◆ INFORMATION SHOWN
☆ ☆ ☆ ☆ ☆ ☆ ☆

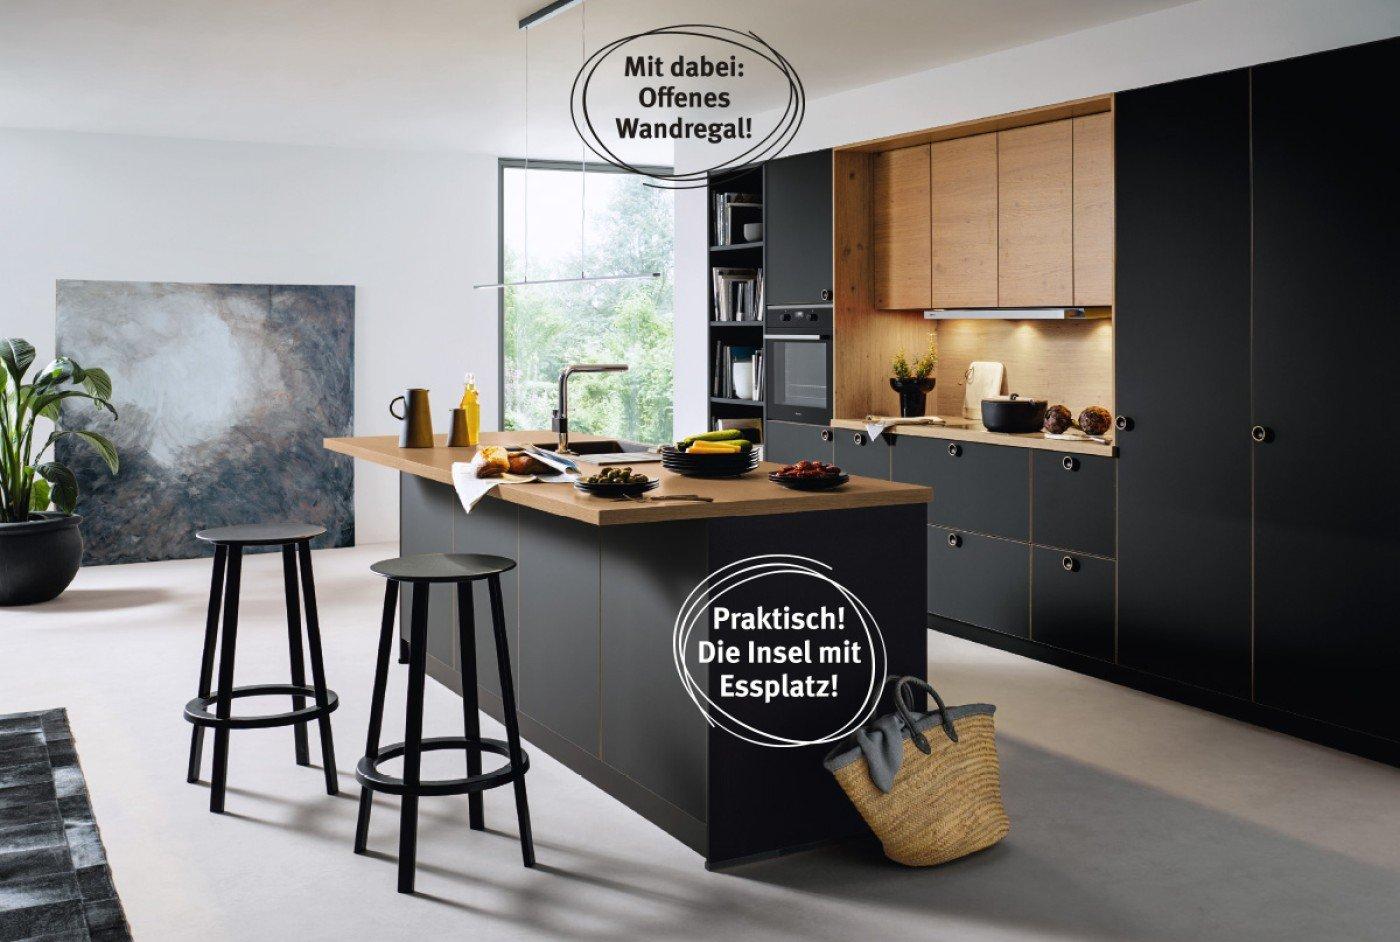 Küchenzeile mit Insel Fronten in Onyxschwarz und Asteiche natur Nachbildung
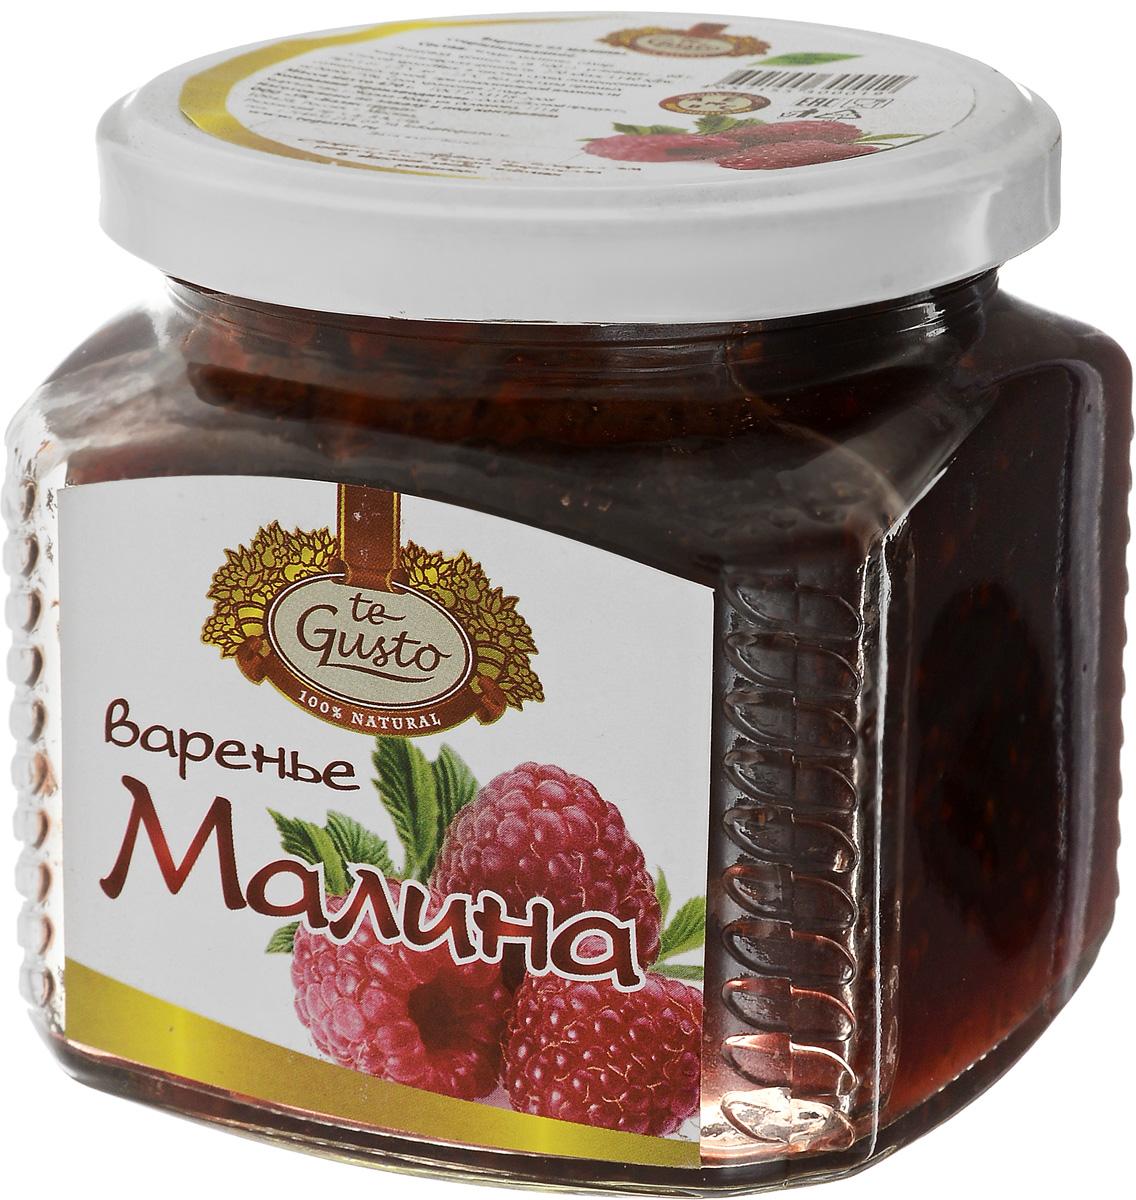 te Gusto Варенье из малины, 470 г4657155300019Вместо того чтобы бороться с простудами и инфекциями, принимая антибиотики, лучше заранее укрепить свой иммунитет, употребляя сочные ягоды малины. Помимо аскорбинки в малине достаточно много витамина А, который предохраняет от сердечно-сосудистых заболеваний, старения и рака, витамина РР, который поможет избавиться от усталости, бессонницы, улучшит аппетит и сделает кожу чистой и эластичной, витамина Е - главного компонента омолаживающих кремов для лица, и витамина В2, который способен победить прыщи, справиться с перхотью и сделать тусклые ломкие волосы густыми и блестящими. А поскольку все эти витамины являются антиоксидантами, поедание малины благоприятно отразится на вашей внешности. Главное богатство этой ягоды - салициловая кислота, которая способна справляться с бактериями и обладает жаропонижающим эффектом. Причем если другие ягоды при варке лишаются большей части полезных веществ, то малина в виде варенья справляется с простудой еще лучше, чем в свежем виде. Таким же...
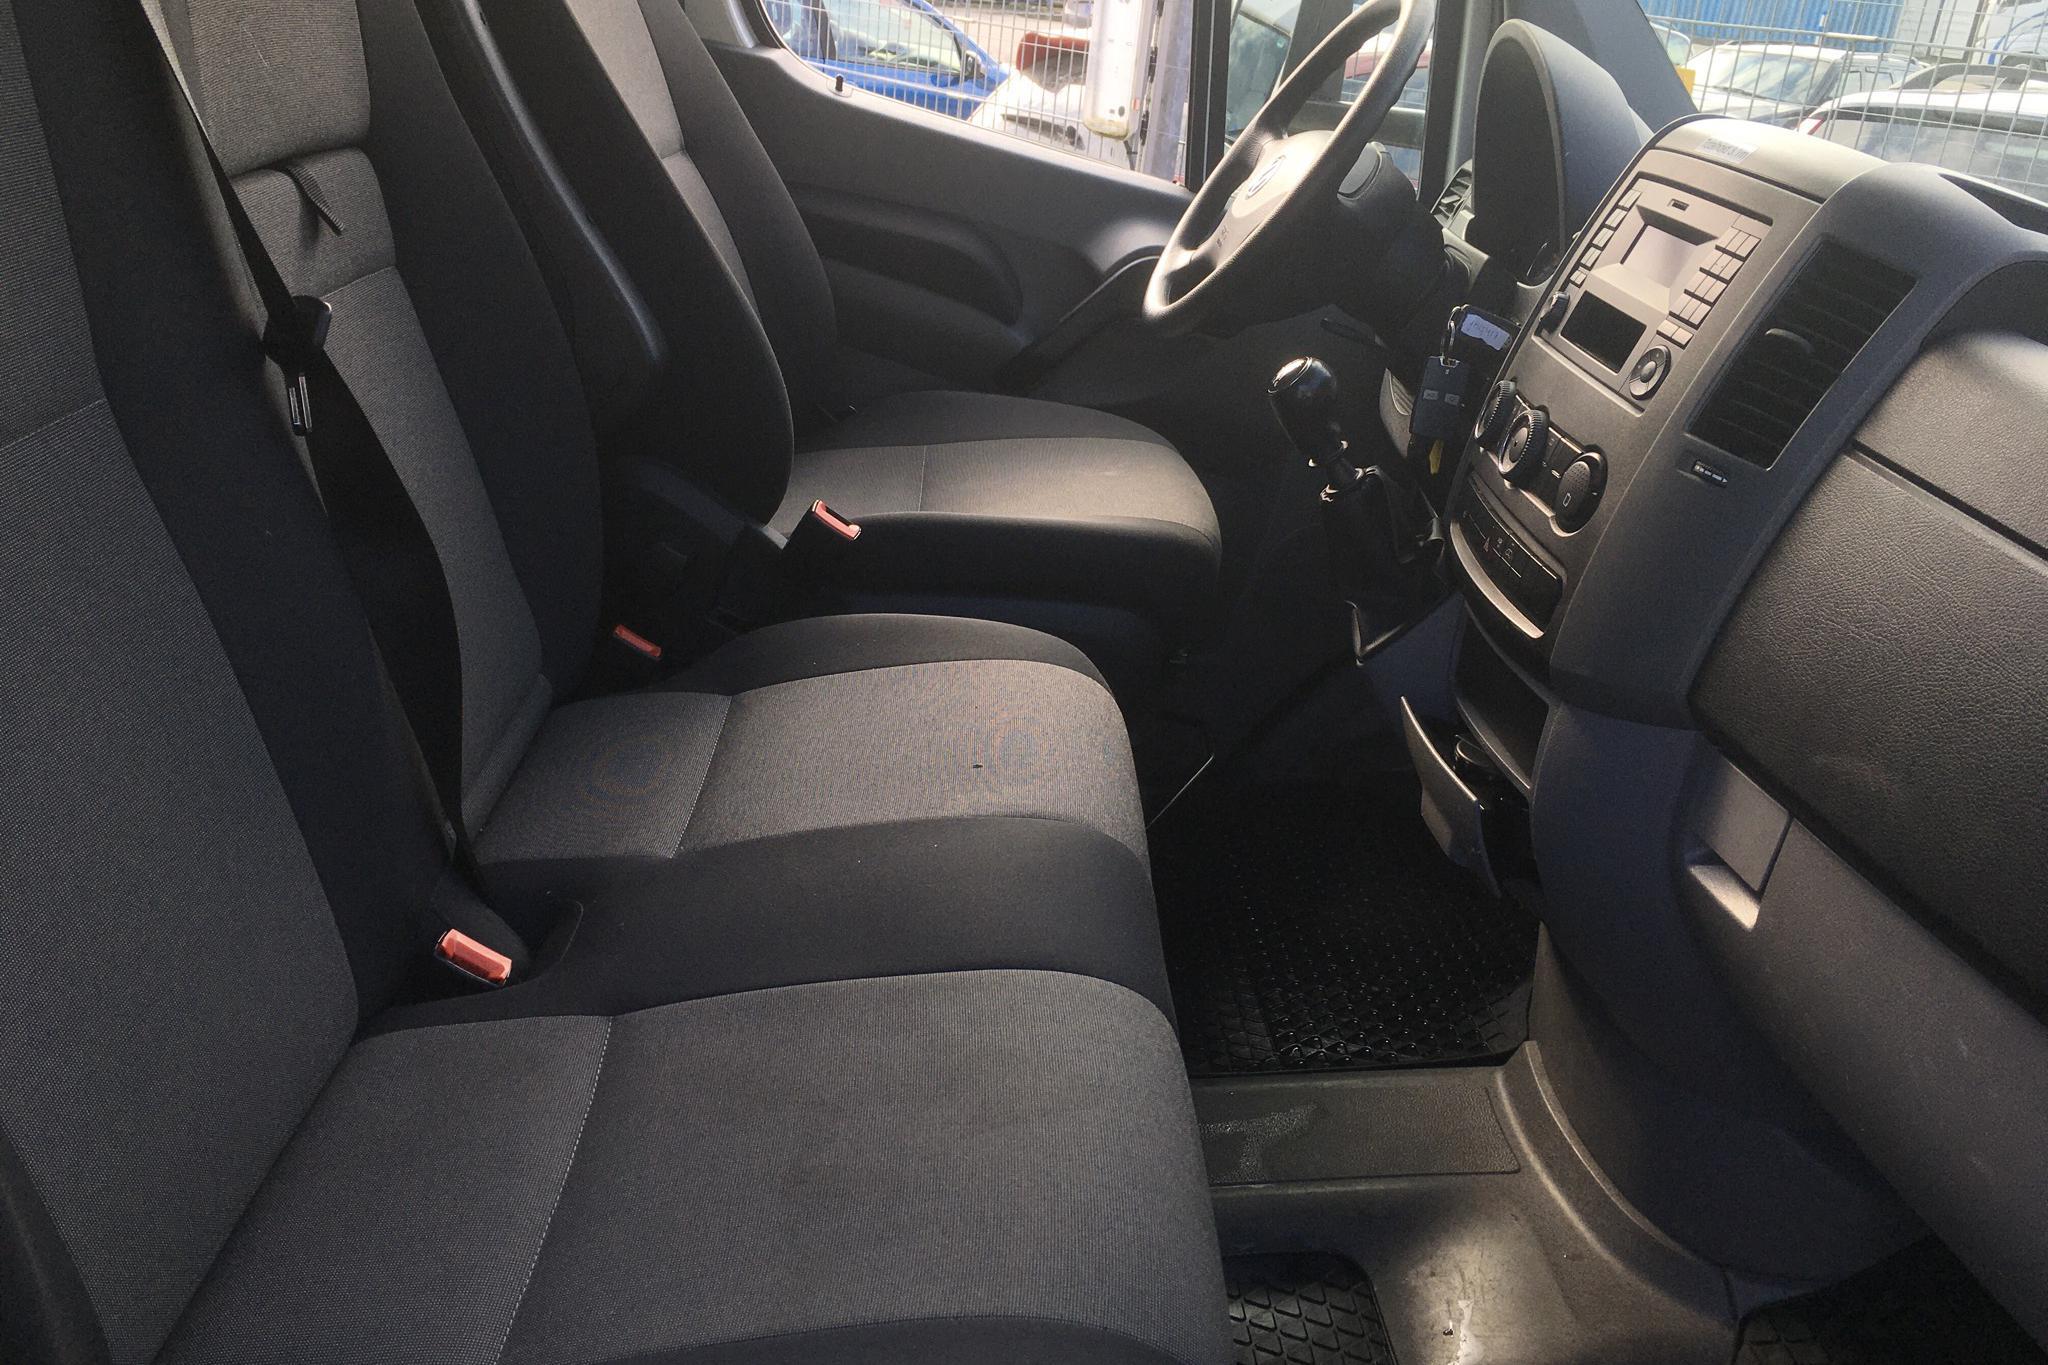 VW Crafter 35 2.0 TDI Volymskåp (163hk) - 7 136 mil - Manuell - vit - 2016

☆ ☆ ☆ ☆ ☆ ☆ ☆

◆ WORK ORDER
Print the listing verbatim, images excluded.

◆ RESPONSE AREA
 Küchenzeile mit Insel Fronten in Onyxschwarz und Asteiche natur Nachbildung
 te Gusto Варенье из малины, 470 г4657155300019Вместо того чтобы бороться с простудами и инфекциями, принимая антибиотики, лучше заранее укрепить свой иммунитет, употребляя сочные ягоды малины. Помимо аскорбинки в малине достаточно много витамина А, который предохраняет от сердечно-сосудистых заболеваний, старения и рака, витамина РР, который поможет избавиться от усталости, бессонницы, улучшит аппетит и сделает кожу чистой и эластичной, витамина Е - главного компонента омолаживающих кремов для лица, и витамина В2, который способен победить прыщи, справиться с перхотью и сделать тусклые ломкие волосы густыми и блестящими. А поскольку все эти витамины являются антиоксидантами, поедание малины благоприятно отразится на вашей внешности. Главное богатство этой ягоды - салициловая кислота, которая способна справляться с бактериями и обладает жаропонижающим эффектом. Причем если другие ягоды при варке лишаются большей части полезных веществ, то малина в виде варенья справляется с простудой еще лучше, чем в свежем виде. Таким же...
 VW Crafter 35 2.0 TDI Volymskåp (163hk) - 7 136 mil - Manuell - vit - 2016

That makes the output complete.